# DATA EXCERPT
BEGIN

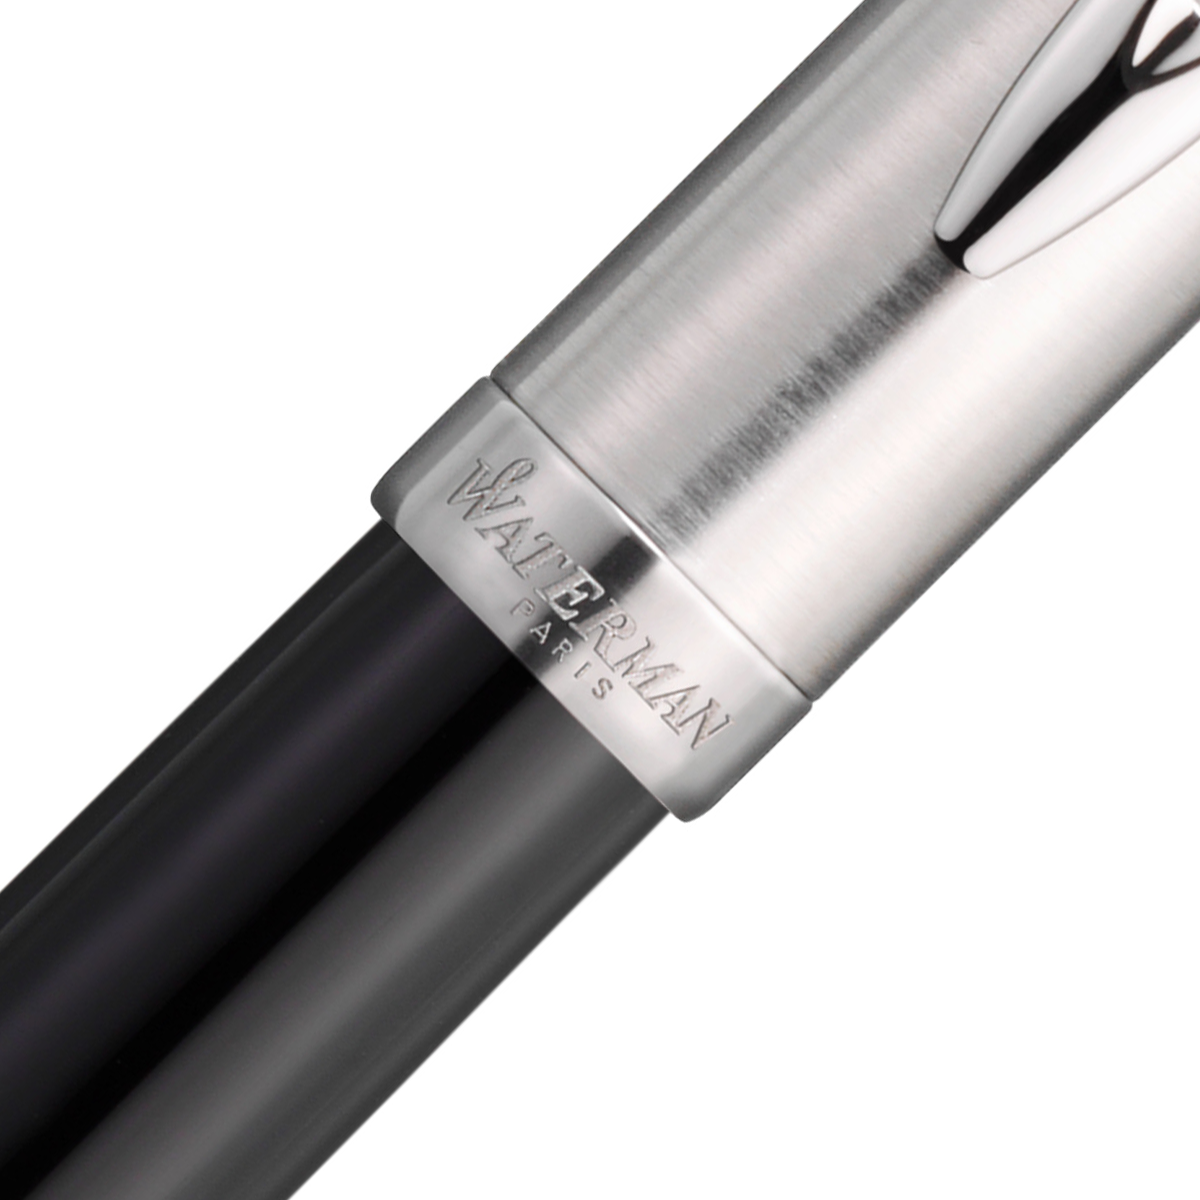 Emblème Black/Chrome Ballpoint Pen in the group Pens / Fine Writing / Ballpoint Pens at Pen Store (128047)
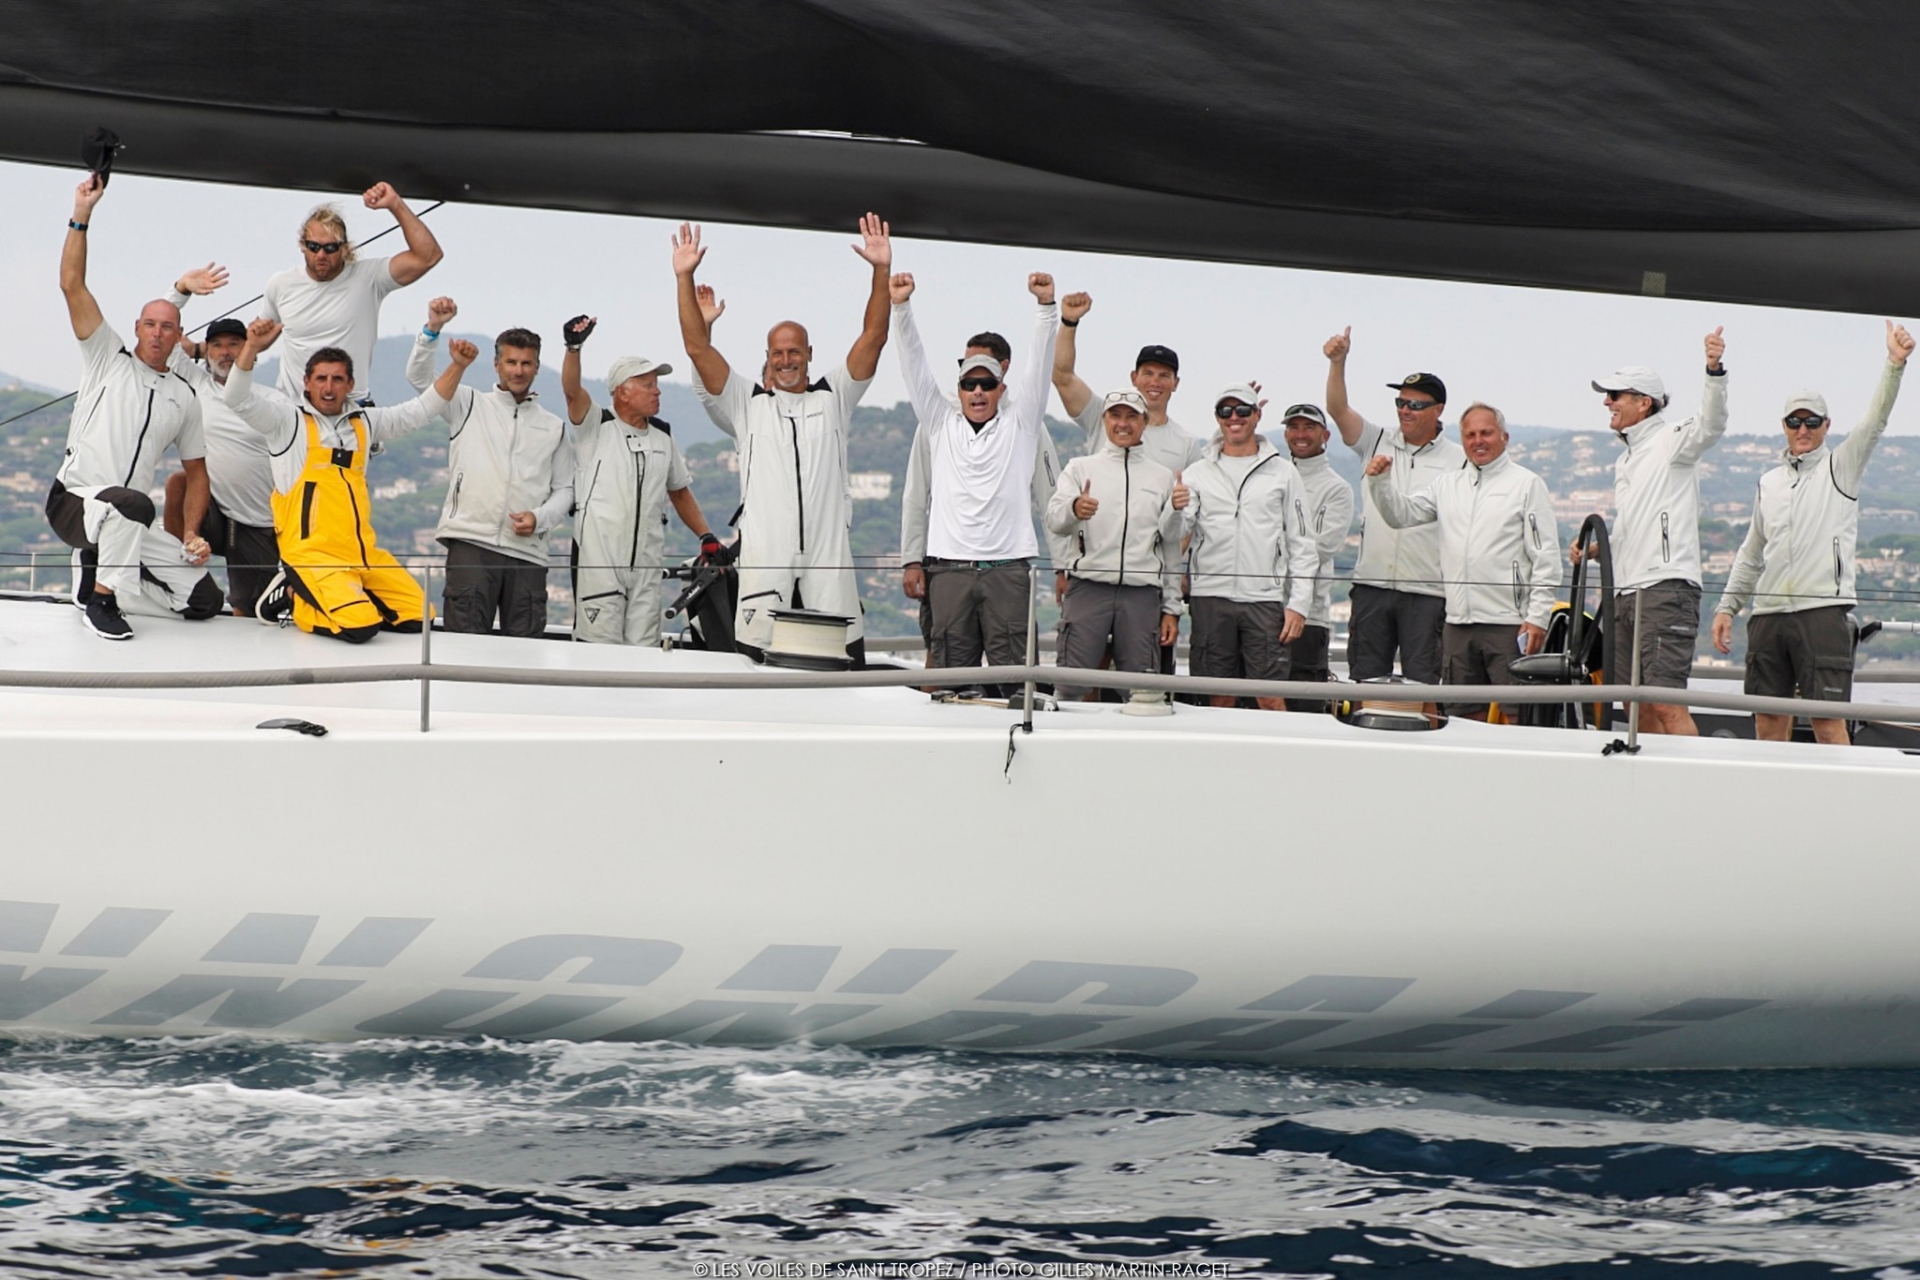 Les Voiles de Saint-Tropez: Cannonball, owned by YCCS member Dario Ferrari wins in the Maxi 2 - NEWS - Yacht Club Costa Smeralda
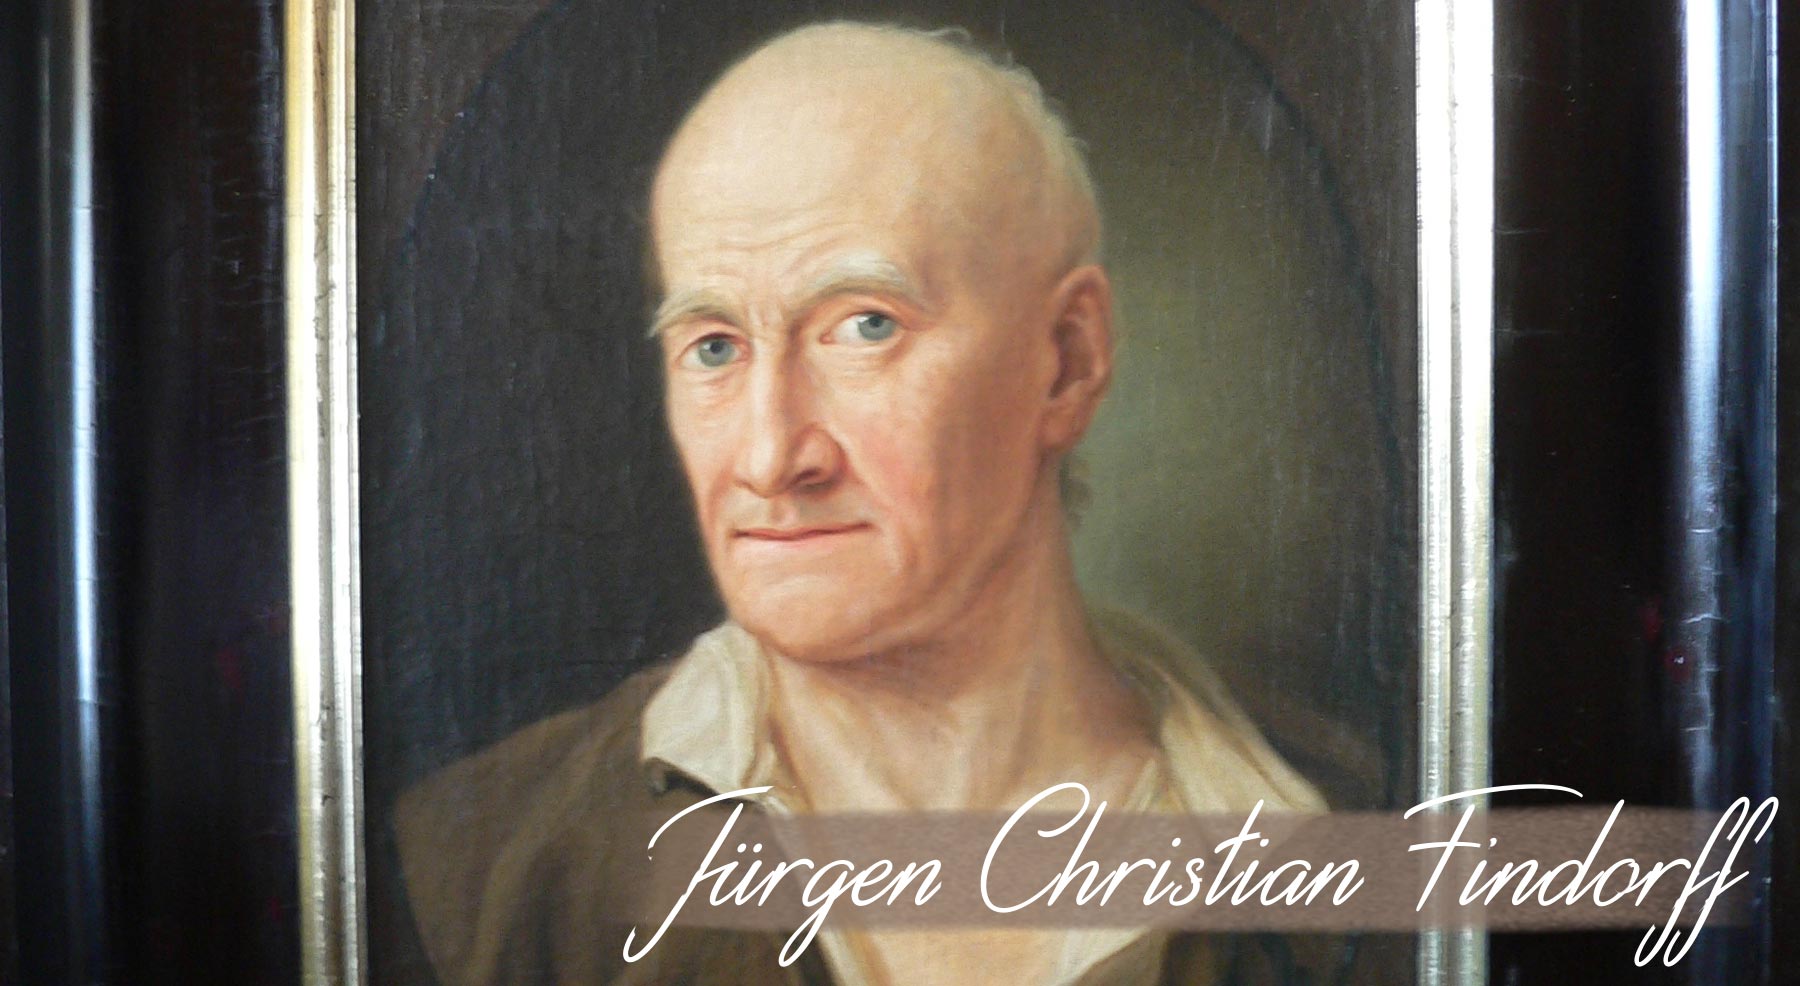 Jürgen Christian Findorff
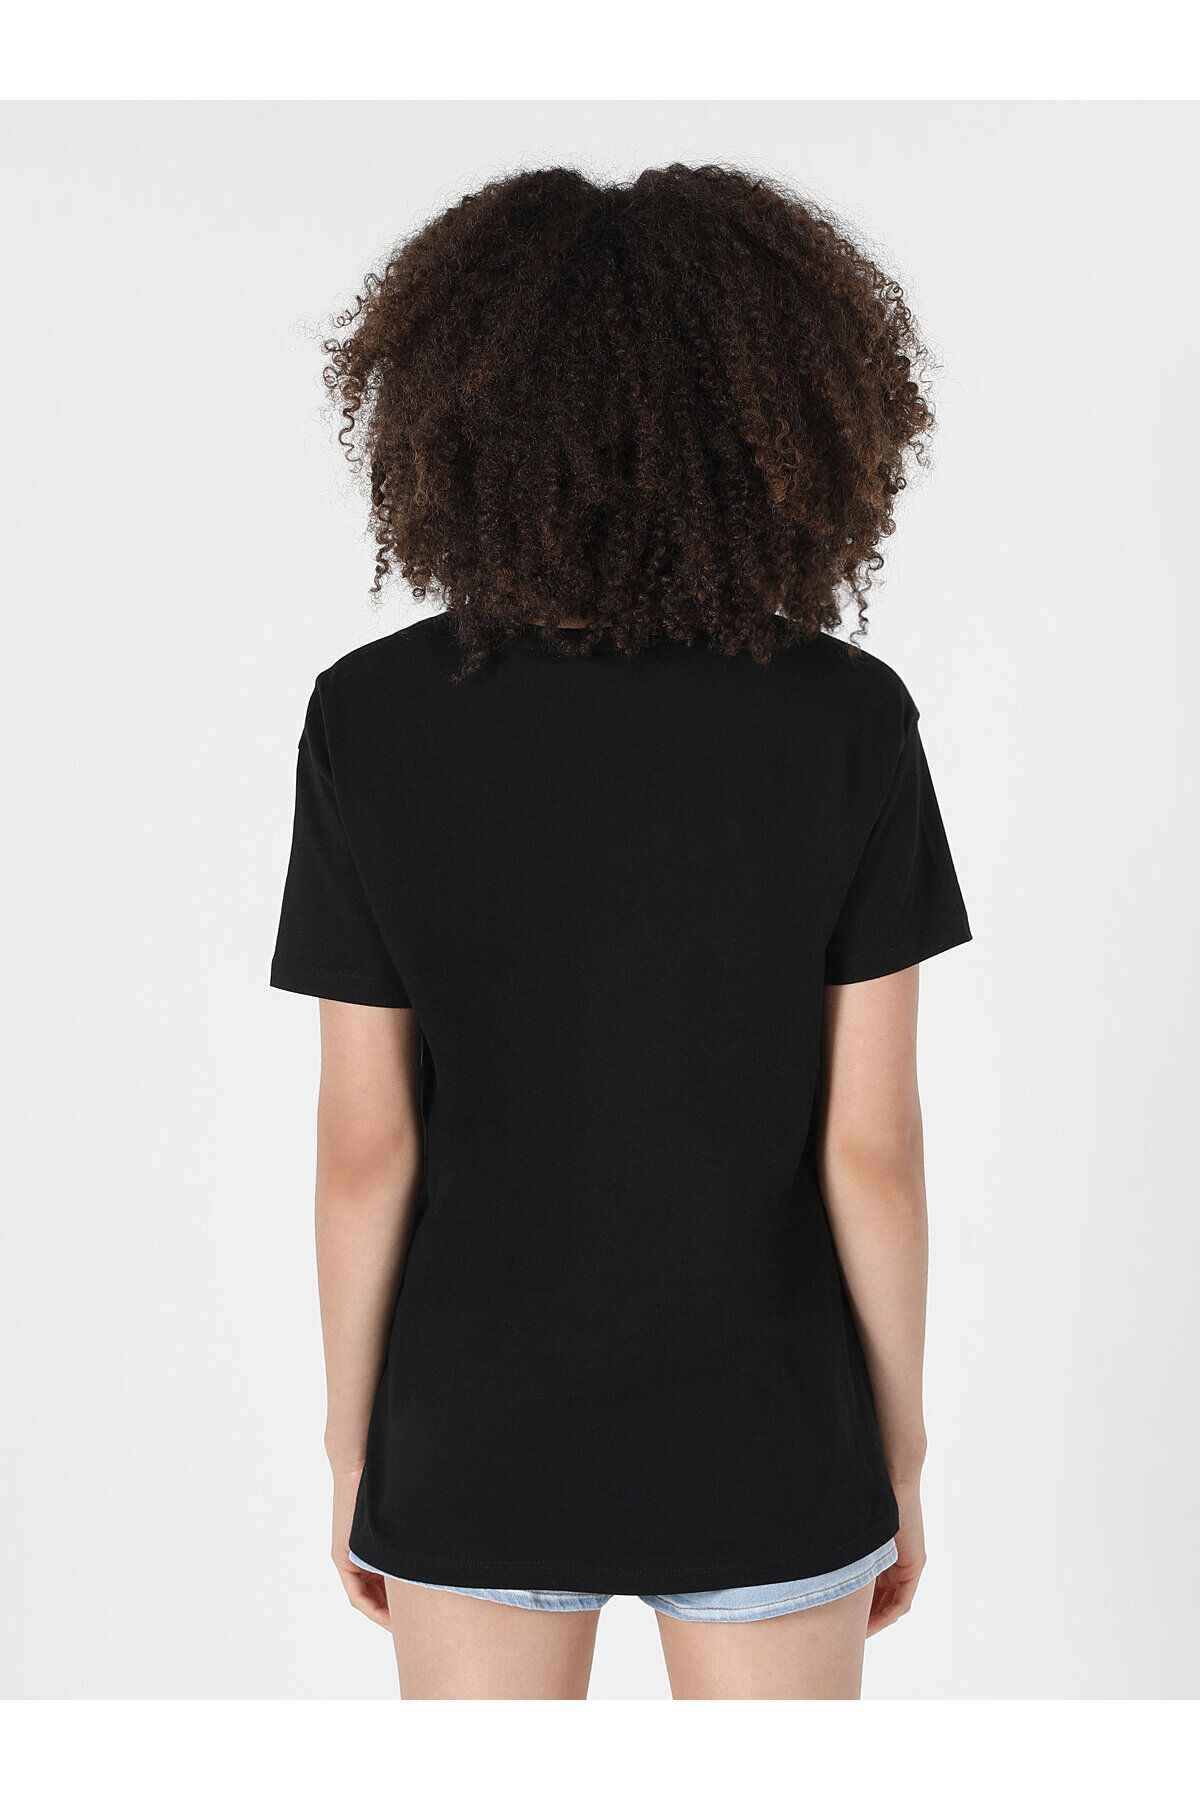 Colin’s تی شرت آستین کوتاه زنانه با یقه مردانه Comfort Fit چاپ شده

END

# YOUR OBJECTIVE
Drop the pictures, then write out only the lines running from the one containing "Les Voiles de" through the last line above, both included, exactly.

# RESULT OF THE EXERCISE
 Les Voiles de Saint-Tropez: Cannonball, owned by YCCS member Dario Ferrari wins in the Maxi 2 - NEWS - Yacht Club Costa Smeralda
 Jürgen Christian Findorff
 Colin’s تی شرت آستین کوتاه زنانه با یقه مردانه Comfort Fit چاپ شده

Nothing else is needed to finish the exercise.